### PROVIDED MATERIAL:
==========

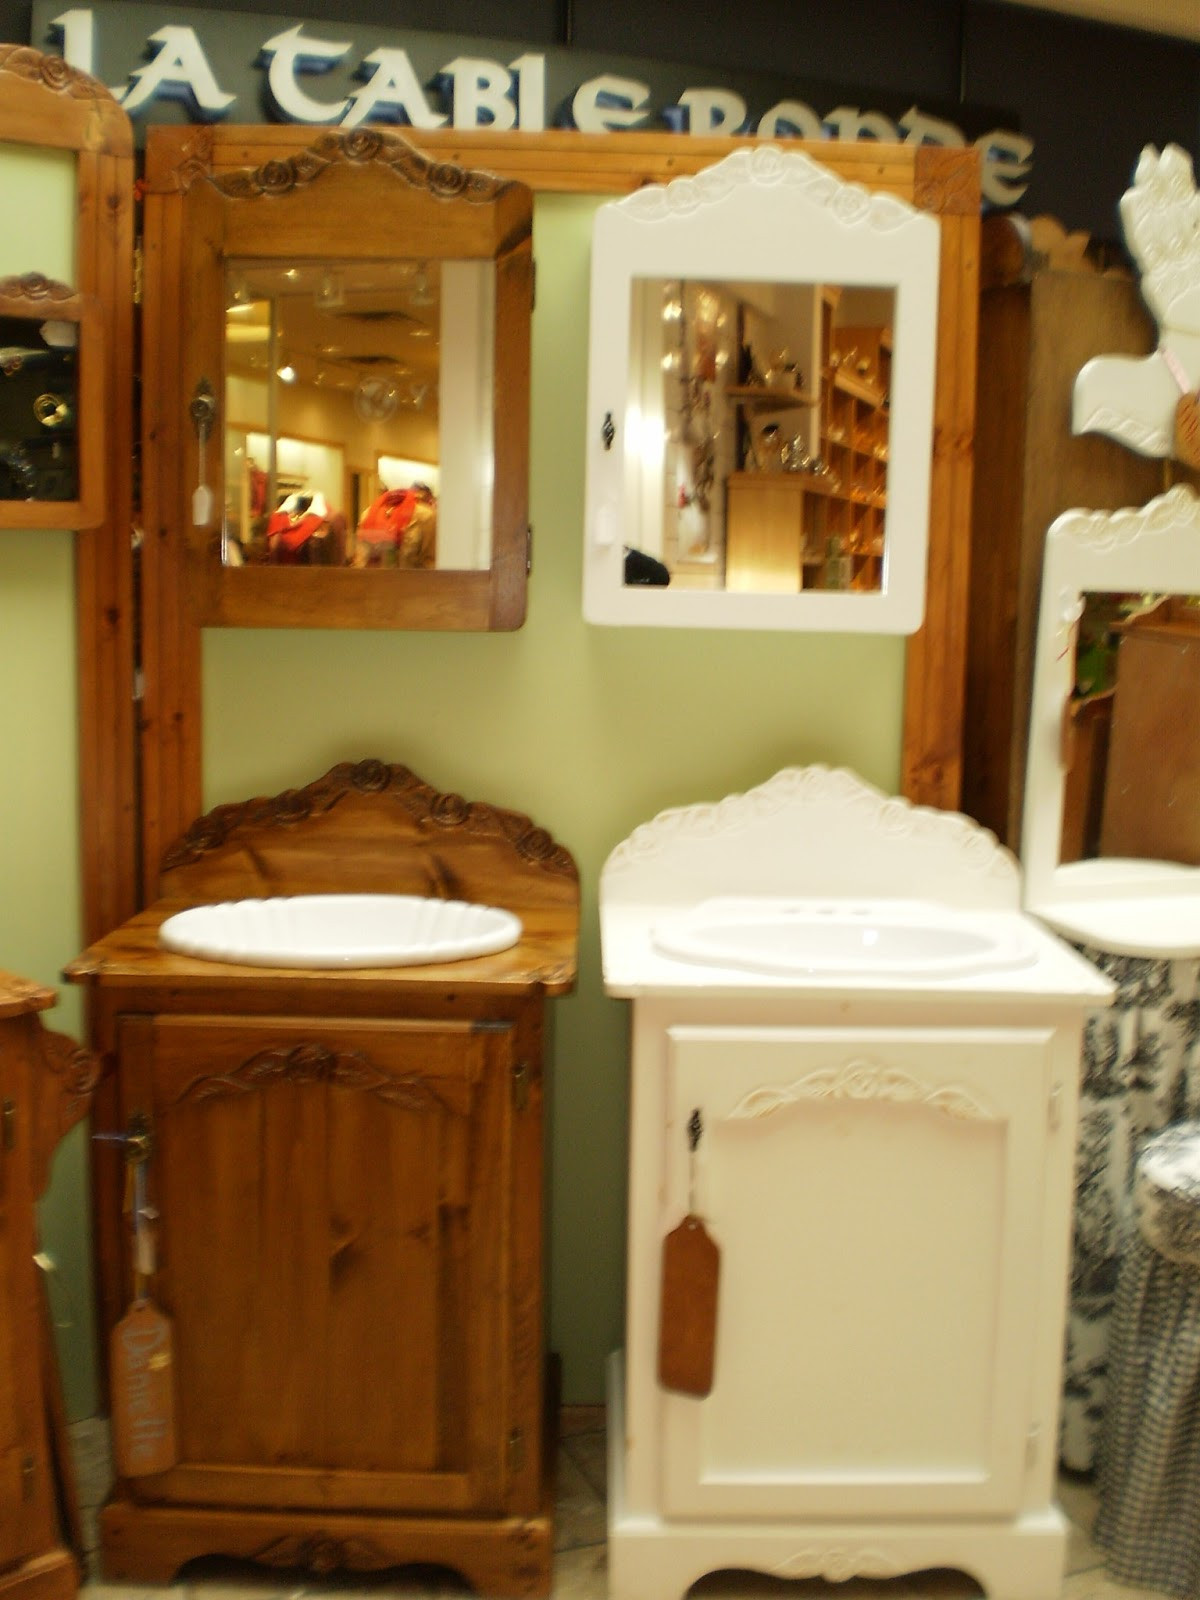 Double Vanity For Small Bathroom
 Eugenie s Woodworking Blog Small bathroom Vanities or
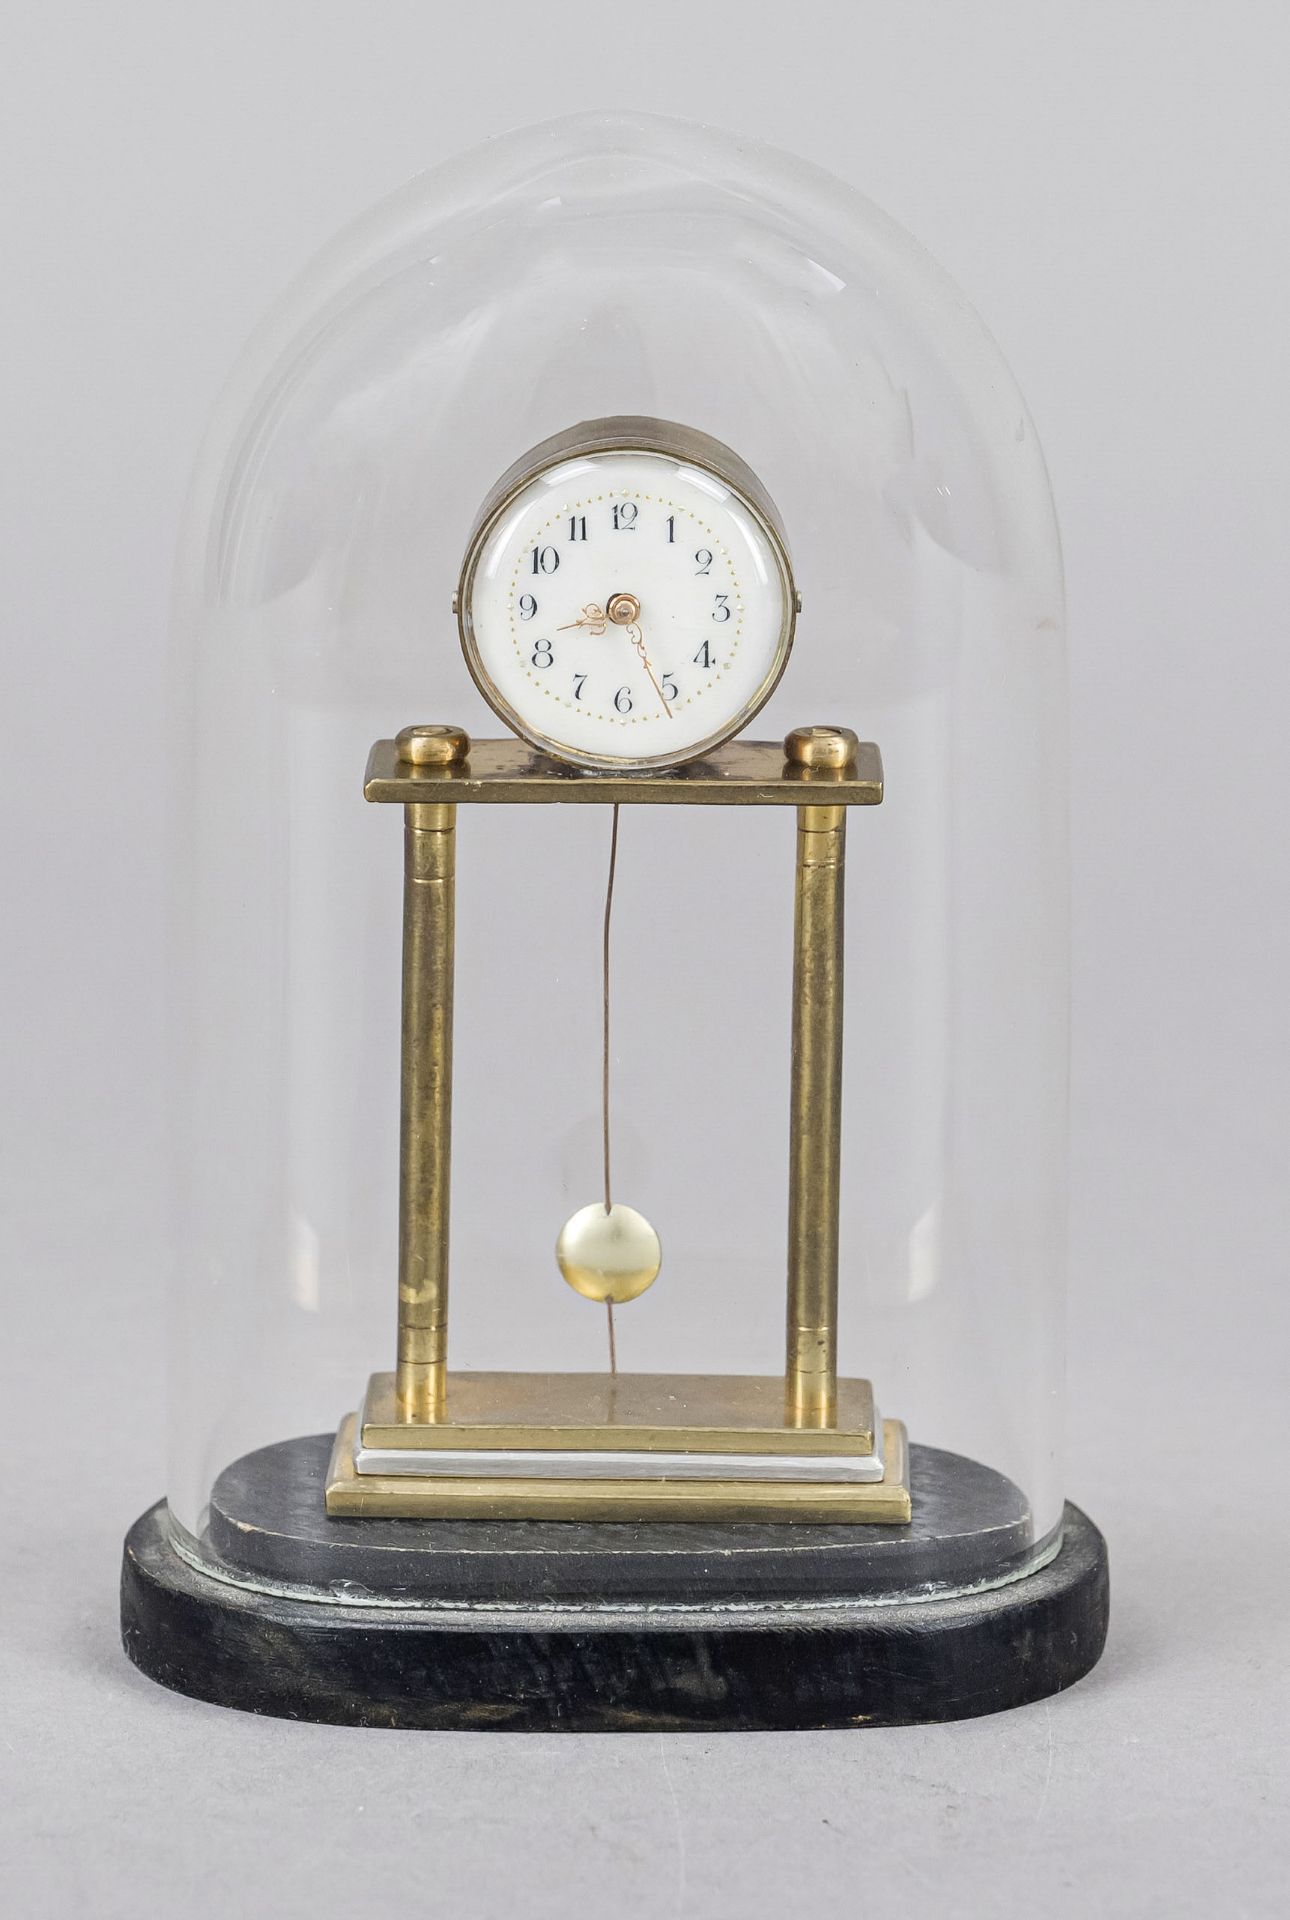 Miniature portal clock, brass, under oval glass dome on ebonized base, 20th century, white enamel
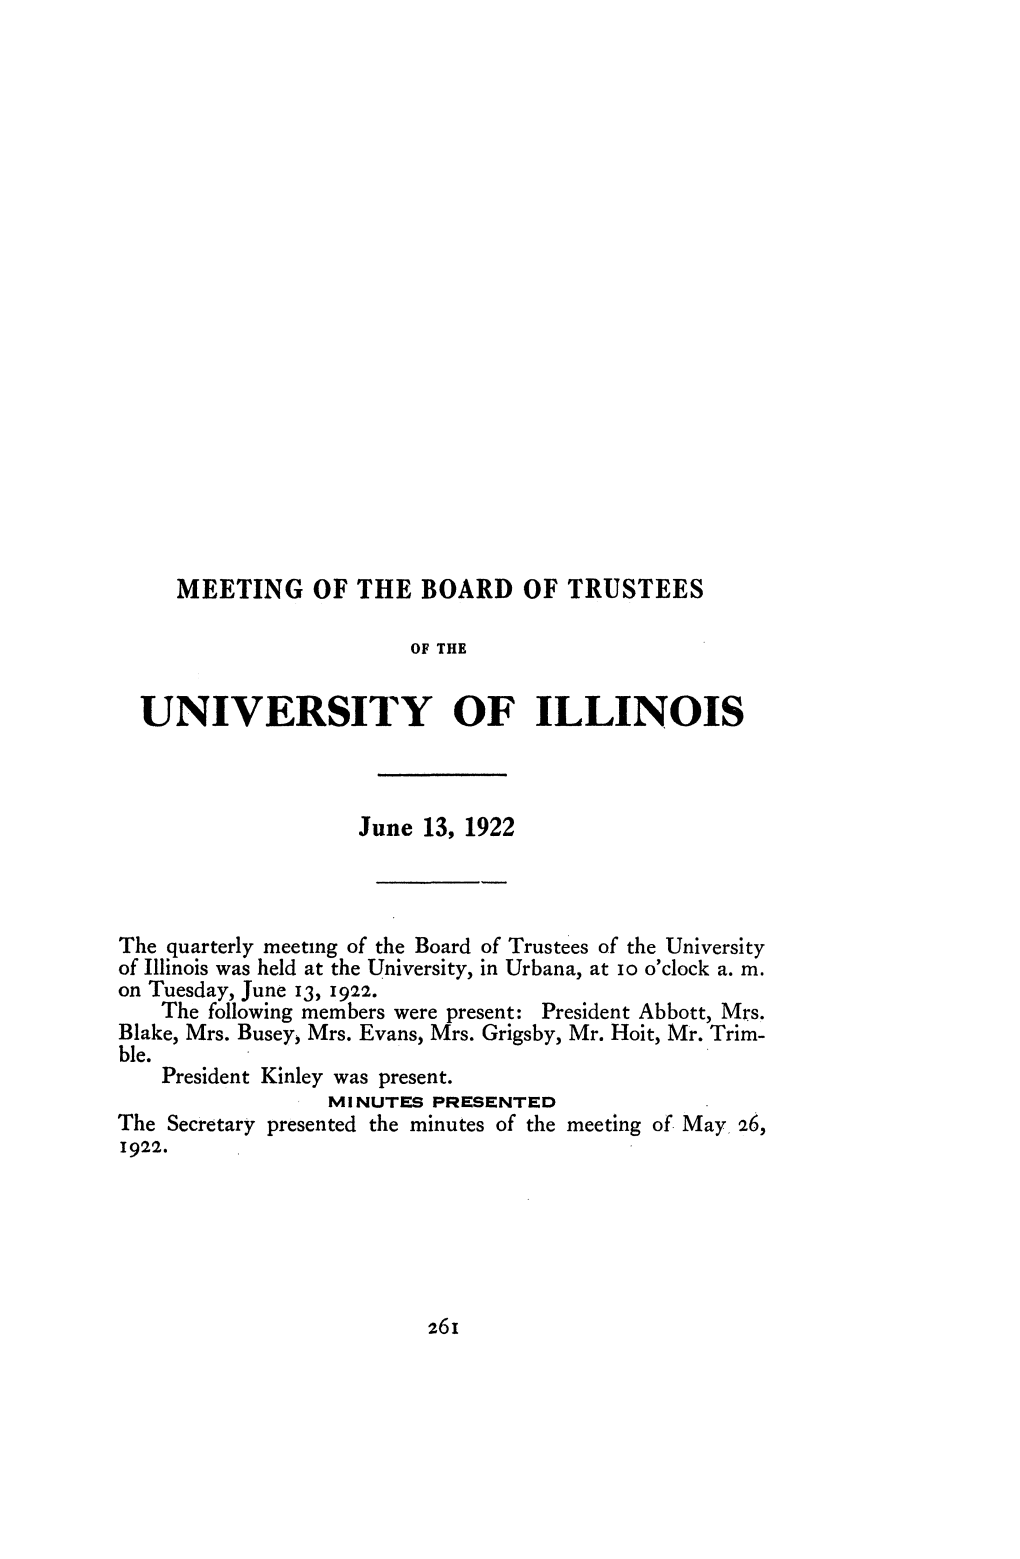 June 13, 1922, Minutes | UI Board of Trustees

==========

### REQUIRED ACTION:
Your response should reproduce the entire listing verbatim, minus the pictures.

### RESPONSE TO THIS TASK:
 Double Vanity For Small Bathroom
 Eugenie s Woodworking Blog Small bathroom Vanities or
 Miniature portal clock, brass, under oval glass dome on ebonized base, 20th century, white enamel
 June 13, 1922, Minutes | UI Board of Trustees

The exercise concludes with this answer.